来春スタートの管理計画認定制度の基準に 長期修繕計画ガイドライン及び修繕積立金ガイドライン見直し

 国土交通省は、昨年6月の「マンション管理適正化法」の改正を踏まえ、「マンション管理の新制度の施行に関する検討会」を開催し、同検討会で改正法の施行に向けた検討を進め、9月末、「長期修繕計画」と「修繕積立金」のガイドラインの見直しを行った。2つのガイドラインはどの様に見直されたのだろうか。

長期修繕計画ガイドライン

計画期間が30年以上に

 望ましい計画期間について、従来は、新築マンション30年、既存マンション25年以上となっていたが、見直しでは、既存マンションも新築マンション同様、大規模修繕工事2回を含む30年以上とした。また、計画の見直しについて、従来は「一定期間ごと」と記載されていたのに対し、「一定期間(5年程度)ごと」と、具体的な期間が記載された。

修繕周期に幅を持たせて記載

 工事箇所別の修繕周期の目安について、従来より一定の幅を持たせた記載とした。
 例えば、外壁の塗装塗替えについては、12年から12~15年に、空調・換気設備の取換は、15年から13~17年などとしている。

社会的要請を踏まえた記述を追記

 築年数の古いマンションには、省エネ性能が低いものが多いことから、大規模修繕工事時に、省エネ改修工事(壁・屋上の外断熱改修工事、窓の断熱改修工事等)を実施することが、脱炭素社会の実現のみならず、各区分所有者の光熱費負担を低下させる観点からも有意義と考えられることを記載したほか、エレベーターの点検にあたり、国土交通省が2016年策定した「昇降機の適切な維持管理に関する指針」に沿って定期的に点検を行う重要性も記載された。

修繕積立金ガイドライン

 従来のガイドラインでは、その対象が新築マンションの購入予定者であったが、既存マンションの区分所有者や購入予定者でも、修繕積立金に関する基本的な知識や修繕積立金の額の目安について参照できるよう改訂された。

修繕積立金の㎡単価を更新

 修繕積立金の額の目安は、マンションの規模や築年数等に偏りが出ないよう、長期修繕計画の事例(366事例)を分析して算出している(表1参照)。特に、20階建て以上の超高層マンションは、工事費が増える傾向があるため、「地上20階以上」の目安を設けた。「地上20階未満」のマンションは、延床面積により工事費が異なる傾向が見られるため、延床面積で区分した目安を示している。
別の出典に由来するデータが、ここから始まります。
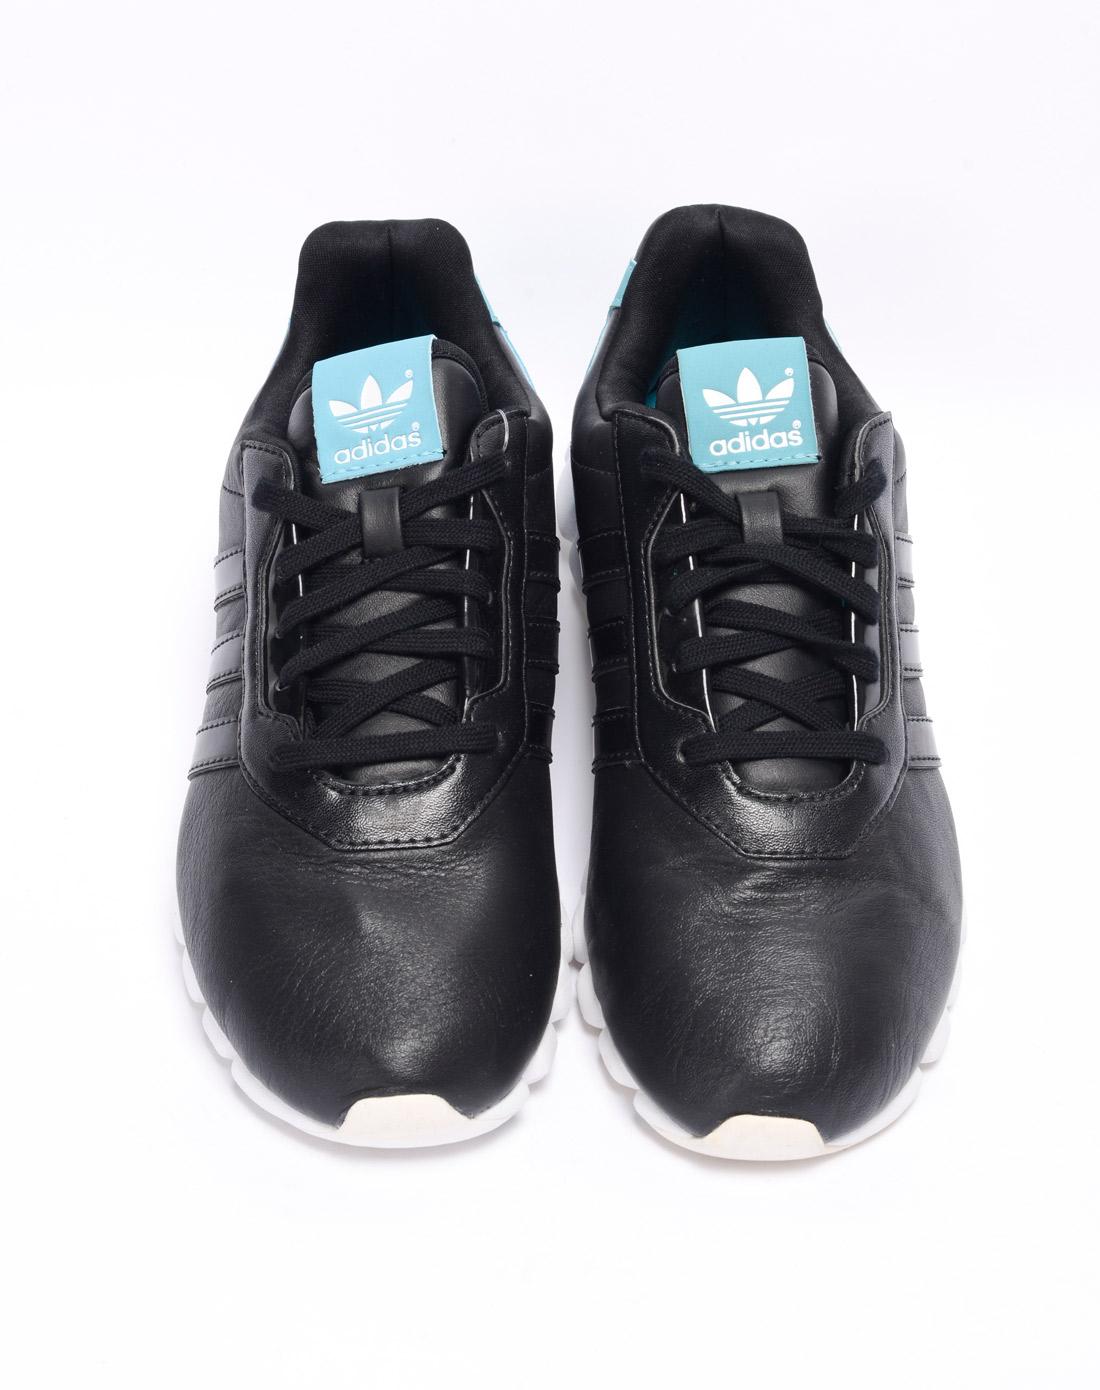 阿迪达斯复古鞋 阿迪达斯复古休闲鞋

ただし、事例にはばらつきが大きいため、平均値とともに、事例の大部分が収まるような範囲を示す「事例の3分の2が包含される幅」が示されている。

 

表1 計画期間全体における修繕積立金の平均額の目安

修繕積立金額算出の計算式を見直し

 修繕積立金の計算式が、従来の新築マンションのみから、既存マンションにも適用されることに鑑み、すでに積み立てられた修繕積立金の残高をもとに、修繕積立金の目安額を算出する計算式に変更された(表2参照)。
 各ガイドラインの見直しの内容は、来年4月からスタートするマンション管理計画認定制度の認定基準として用いられることが予定されている。